Firstly I’d better clarify the title, I’ve got nothing against people over 50, I am one, the title really means should I bother to make any more friends after I am 50 years old? I’m not so sure.
My son joined the rugby team squad in Malvern this year, for my part in the escapade I joined the whats app group, and now reading and keeping up with my notifications seems like a full time job, especially as Christmas is on the way, I said he could come to the boys Christmas doo, but sadly Im away and he’s 14 and so I can’t leave him to sort his own shit out, he doesn’t tie his own shoe laces for god’s sake. I got him a shoe horn, its one of the best inventions known to man, like the soft close toilet seat, and they still make them in that kind of fake plastic jade looking material, probably plastic. I’ll get him a clothes brush and trouser press for Christmas. He says he wants a pool table and cash for track suits, but he doesn’t know shit. He’s not going to be able to go to the Laser tag anyway, so i’ll have to say I cant make it, he’ll be gutted and now as missing out on the parents bash, we’ll have to miss out on the Laser guns. But don’t these folk have other things to be getting on with? I’ve got an incredibly busy life it seems and I didn’t realise, and will probably be regarded with as much interest as lichen on the tarnished metal bars kids and adults alike lean against and somersault over on the touchline, in the rain.
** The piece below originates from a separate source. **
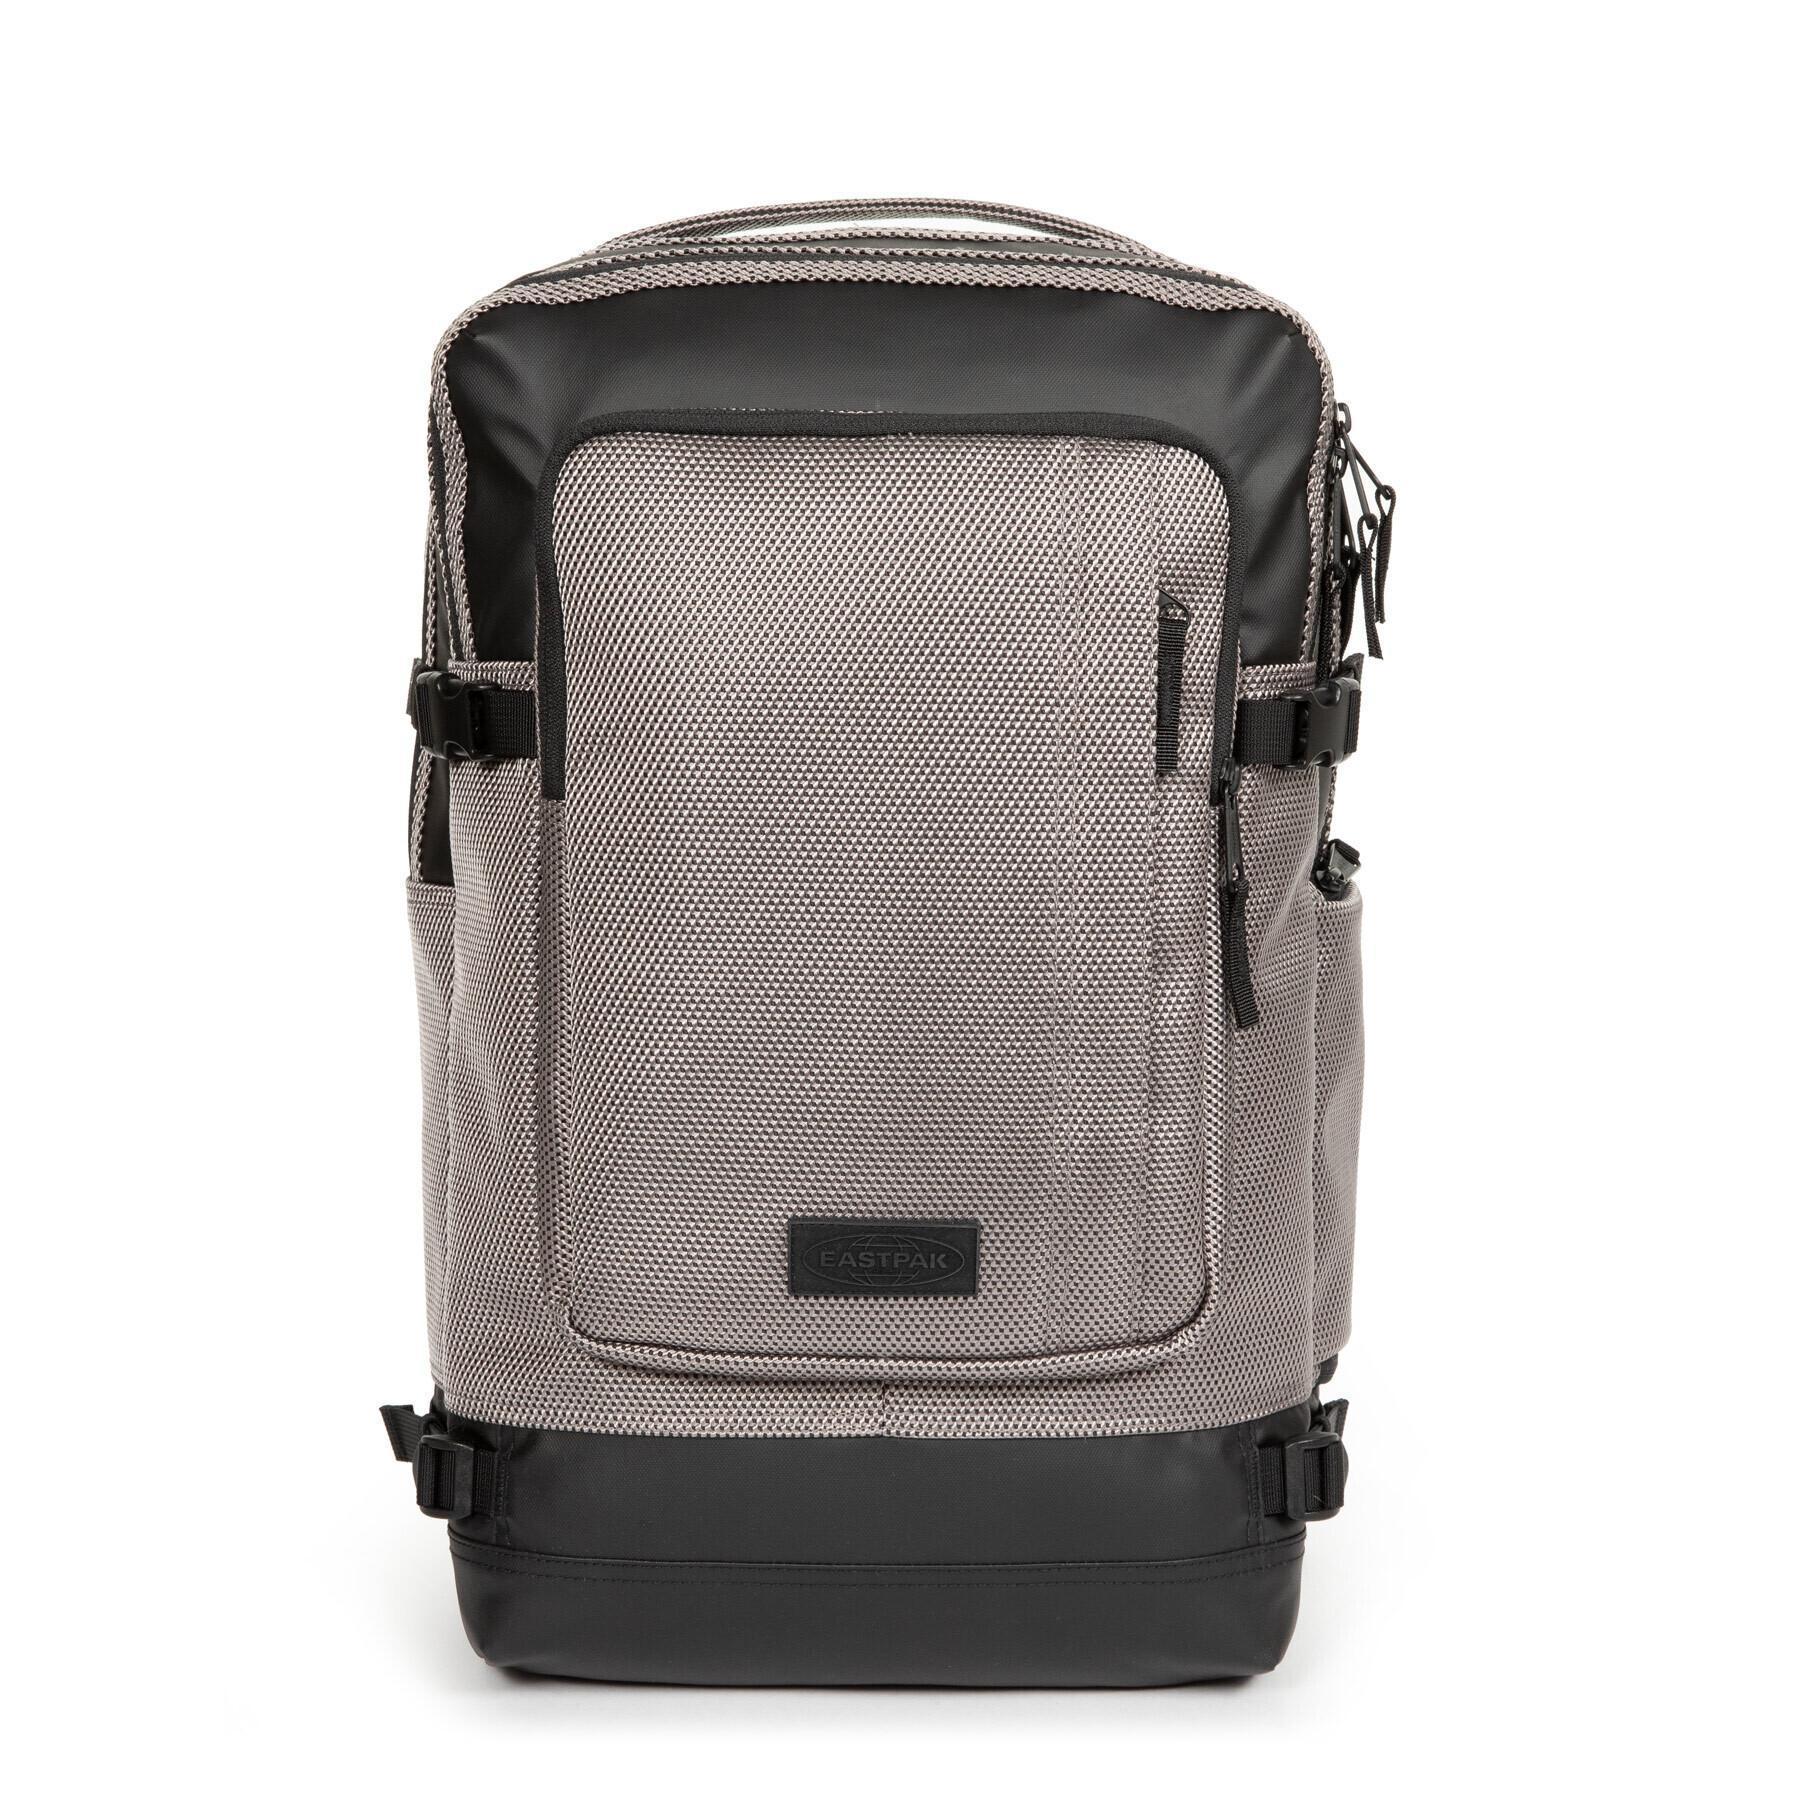 Grijp Toeval Tot stand brengen Backpack Eastpak Tecum L - Backpacks - Bags - Equipment

I’ve reached this age, not a certain age, but think to myself, I really don’t need to throw myself headfirst into this Rugby social thing, despite having a massive fear of missing out my entire life. Good to note this weekend, Saturday Night, when Mrs T and I journeyed into town with friends for dinner and beer, that my son went for a sleepover at his mates and stayed up till 5am; last one awake, just so he didn’t miss anything. so i’m going to sit down and work out this convoluted Rugby chat business, who is who, and what is going on. I’m sure there’s some nice folk on the touchline but flipping hell, the weather is awful, the heating is now on chez moi and I’d rather be sat on the sofa. Last week I took him down to the Rugby, wrote this tripe in the club house, the heating wasn’t on, people were wearing coats and about 50 hi viz clad runners surrounded my corner, discussing who was chasing who for that evening’s hashing (look it up).
Oh its Black and Whiter Tuesday too, so lap it up suckers.